Intimate Enemies

(Washington Post) Michael S. Doran - Many Sunnis, especially religious extremists, hate Shiites more than they hate Israel. To the radicals of al-Qaeda and the Saudi religious establishment, Shiites are the intimate enemy. They dwell among the Sunnis and outwardly make a show of friendship and brotherhood. Inwardly, they will stop at nothing to destroy their sectarian rivals. The current international crisis, many Saudis believe, is providing the Shiites with an opportunity to do just that. Even before Hussein's regime fell, the story of Ibn Alqami was circulating in Saudi religious circles. A Shiite minister to the last Abbasid caliph, Alqami betrayed his ruler by conspiring with Hulagu, the Mongol leader who in 1258 sacked Baghdad and destroyed the Abbasid Empire, the flower of Islamic civilization.
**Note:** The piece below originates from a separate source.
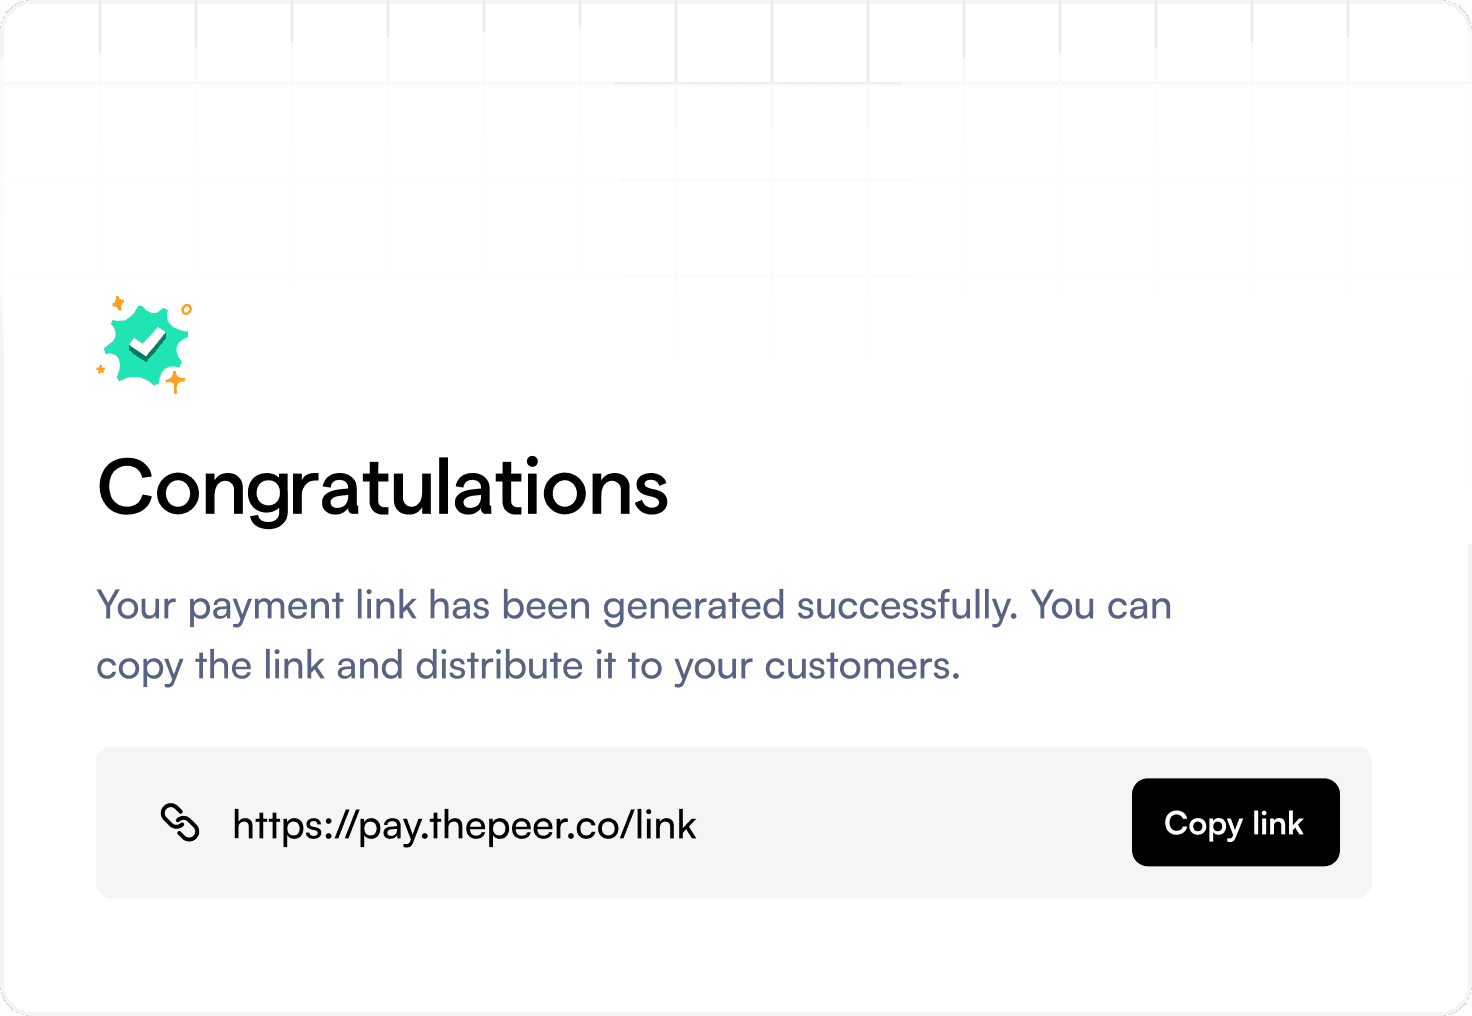 An image of a success screen after creating a payment link

Over the past year, Sunni religious conservatives have habitually referred to George Bush as Hulagu II. The moment that U.S.-led forces turned their guns toward Iraq, Sunnis began to ask in reference to the Iraqi Shiites, "Will the grandchildren of Ibn Alqami follow in their grandfather's footsteps?" The writer is an assistant professor of Near Eastern Studies at Princeton University and an adjunct senior fellow of the Council on Foreign Relations.